BMC Genomics. 2013;14 Suppl 8(Suppl 8):S2. doi: 10.1186/1471-2164-14-S8-S2. Epub 2013 Dec 9.
RNAseq technology is replacing microarray technology as the tool of choice for gene expression profiling. While providing much richer data than microarray, analysis of RNAseq data has been much more challenging. To date, there has not been a consensus on the best approach for conducting robust RNAseq analysis.
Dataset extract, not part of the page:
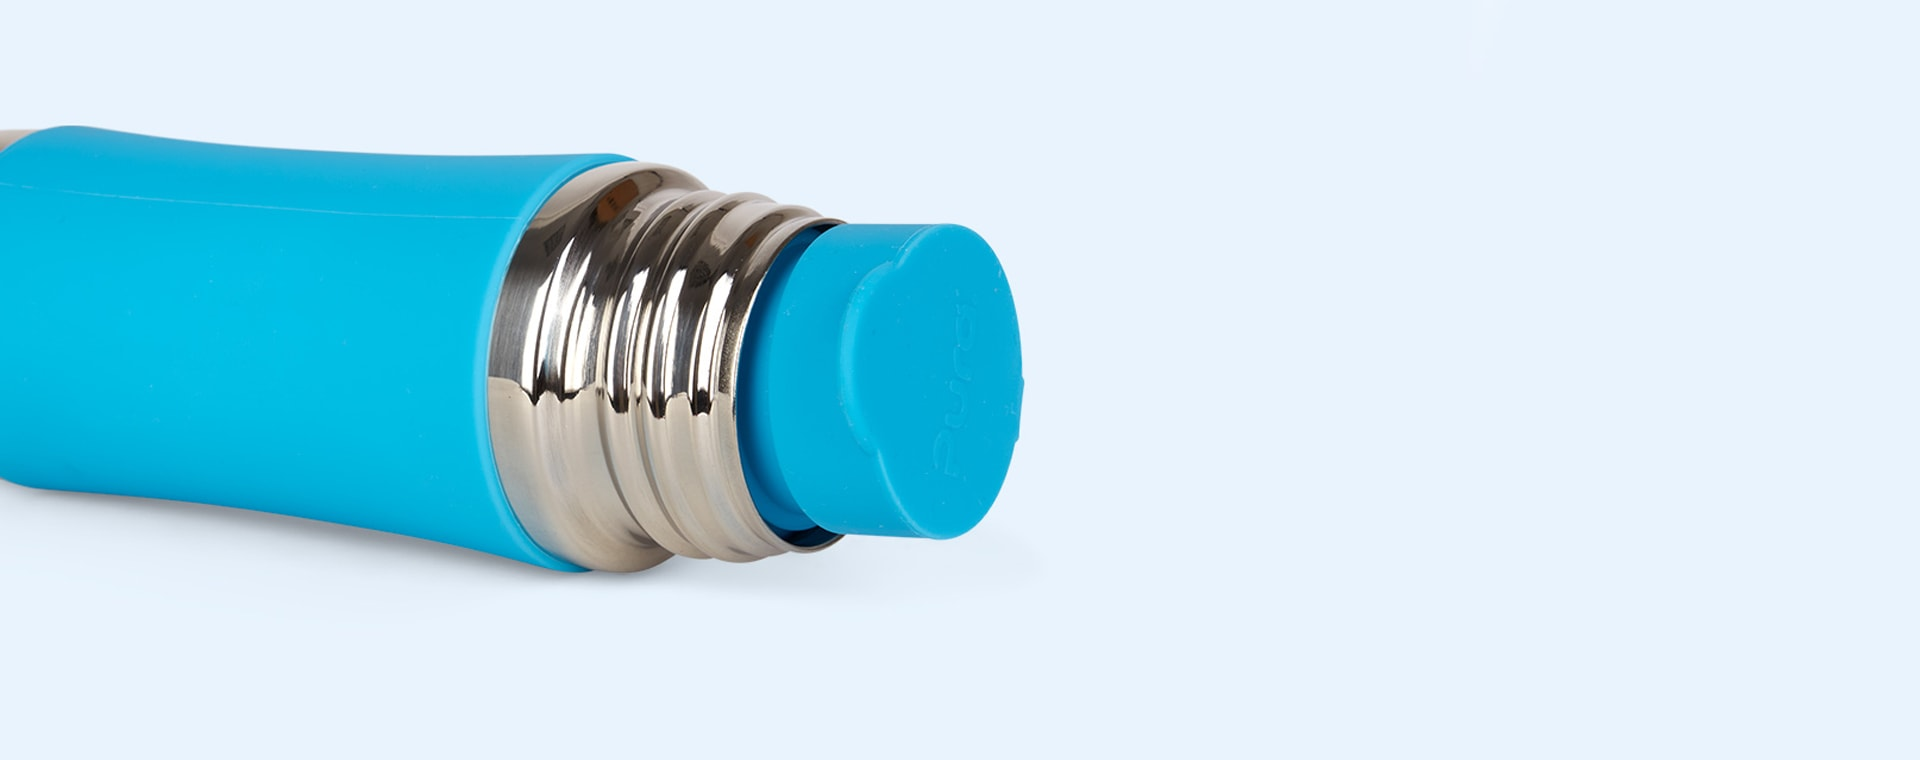 Aqua Pura Silicone Straw Component and Inner

In this study, we designed a thorough experiment to evaluate six read count-based RNAseq analysis methods (DESeq, DEGseq, edgeR, NBPSeq, TSPM and baySeq) using both real and simulated data. We found the six methods produce similar fold changes and reasonable overlapping of differentially expressed genes based on p-values. However, all six methods suffer from over-sensitivity.
Based on the evaluation of runtime using real data and area under the receiver operating characteristic curve (AUC-ROC) using simulated data, we found that edgeR achieves a better balance between speed and accuracy than the other methods.
RNAseq 技术正在取代微阵列技术,成为基因表达谱分析的首选工具。虽然 RNAseq 技术比微阵列技术提供了更丰富的数据,但对其数据的分析也更具挑战性。迄今为止,对于进行稳健的 RNAseq 分析,还没有达成共识的最佳方法。
在这项研究中,我们设计了一个全面的实验,使用真实数据和模拟数据来评估六种基于读取计数的 RNAseq 分析方法(DESeq、DEGseq、edgeR、NBPSeq、TSPM 和 baySeq)。我们发现,基于 p 值,这六种方法产生的倍数变化和差异表达基因的合理重叠相似。然而,所有六种方法都存在过度敏感的问题。
基于使用真实数据评估运行时间和使用模拟数据评估接收者操作特征曲线下的面积(AUC-ROC),我们发现 edgeR 在速度和准确性之间取得了比其他方法更好的平衡。